We got into a line of guides and clients for a fixed rope/chain that led up rotten rocks for about 60 meters to the ridge crest. We climbed through them, being a little bit aggressive about continuing to move among people who are standing around a lot. I don’t like this attitude or atmosphere of stress in regards to 4000 meter mountains, but I don’t like to be stuck either.

The Tete de Valpelline

The Matterhorn on the right

But once past that, the ridge crest offered excellent climbing! I enjoyed this part of the climb the most. We moved together, protecting as needed. I was in my own world a little bit though, because Pete was thinking we should remove crampons and I just kept going. It’s no fun to do moves that feel sketchy and I’m sorry to have been so oblivious! At least I got some payback later! On the descent we reversed the ridge without crampons and gosh, it was my turn to feel sketched out! Everything felt so…slippery?

Once the various ridge towers were completed, we began an interminable climb of uncomfortably angled snow (45 degrees?) to a final selection of rocks just below the summit. We commiserated with banal phrases like “…it’s so long!”, or “Man, I’m tired!” We were feeling the altitude as this was our first high tour.

The weather began to close in, with strong wind and a long horizontal sweep of cloud obscuring the summit of the neighboring Matterhorn. The final rock climb and a few dicey moves on narrow ridge crest were done in strong, cold wind. We took one or two pictures and started down as quickly as possible.

We kept looking for a turn-off from our long slope onto the Southwest Face and glacier, but we must have missed it. So we descended the ridge, as mentioned already, without crampons. Down here the weather was good again, even sunny for a while.

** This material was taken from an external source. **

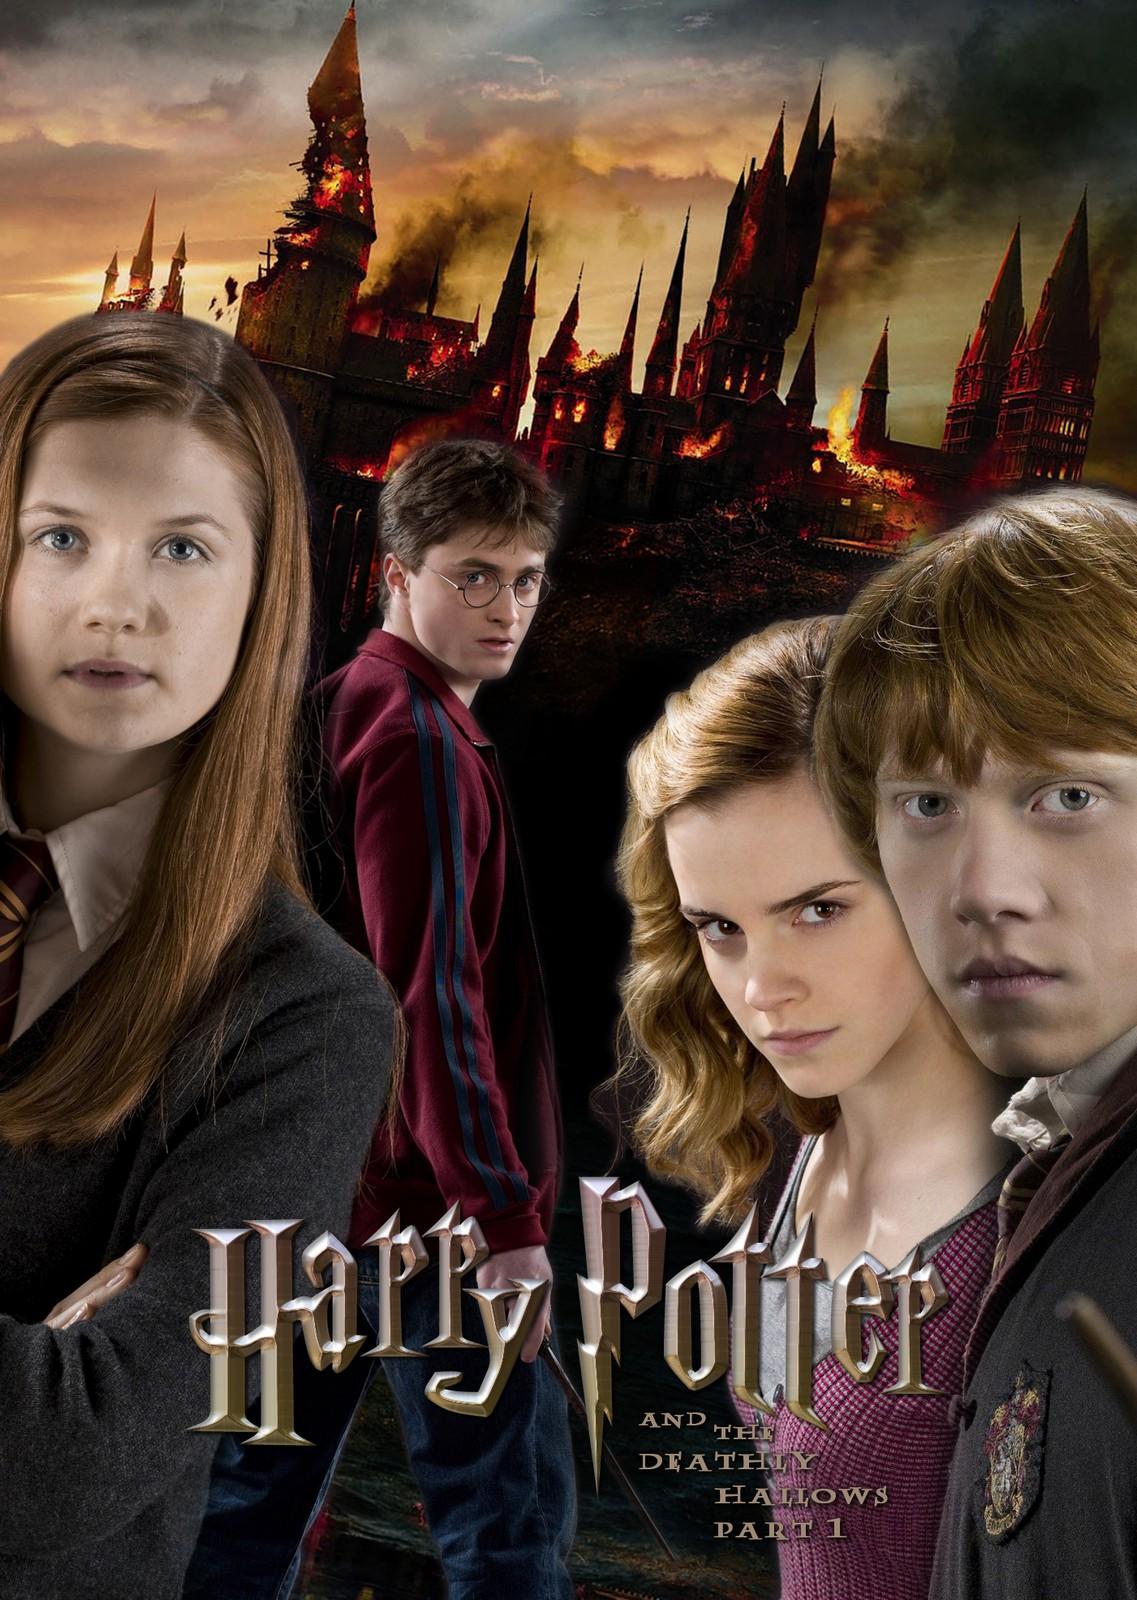 http://1.bp.blogspot.com/-feC9lpyZDaY/TnZK_eTvaHI/AAAAAAABJWA/xI2ShAkVxGU/s1600/Harry%2BPotter%2Band%2Bthe%2BDeathly%2BHallows%2B1%2BDVD%2B02.jpg

The sun had the ability to make us smile, and momentarily forget the difficult weather environment. Looking back a month, I can see this was only the beginning of a difficult emotional period regarding the weather, and it finally forged a new understanding in me on how to deal with the problem.

Looking south from the Dent d’Herens.

Goodbye, high country!

But while we could smile and laugh, we did!

Cleverly, we’d brought everything with us, so we didn’t have to return to the hut, but could continue straight down the moraine to rejoin our valley trail. This was a pleasant journey, despite heavy packs and tired feet. We reached the restaurant of the day before, ordering another lunch, which was almost as good, but it seemed they’d learned about me and there was now a rationing policy on the Parmesian cheese.

It started to rain as we made the long mostly flat walk along the lake. I was dreading this section: mountain boots and long flat roads don’t go together very well! But listening to good music (Family of the Year), and a overt decision to have a positive attitude worked wonders. By the end, Pete and I were moving very fast, and if not entirely happy, we at least successfully outraced our fear of tedium and pain!

Congratulating ourselves on having fully used a sub-24 hour weather window, we now drove back to Geneva through the Mont Blanc tunnel, arriving late and committing to a wonderful rest day.


Pete had an excellent day with family, and I enjoyed myself exploring Geneva (mainly exploring the interior of a coffee shop, actually!). During the day, continuing to look at more poor forecasts, I resolved to go on a multi-day hike as a way to exit this antagonistic relationship with the weather. It was taking away the joy of mountains! Pete and I chatted, and it seemed best to send me off on this hike, while he would enjoy some family time and then hopefully get some technical climbing in on the weekend when the weather was slated to improve.

Another wonderful dinner and breakfast with lively conversation, and they sent me on my way, with a few packs of granola cookies that would fuel my next adventure with pleasure!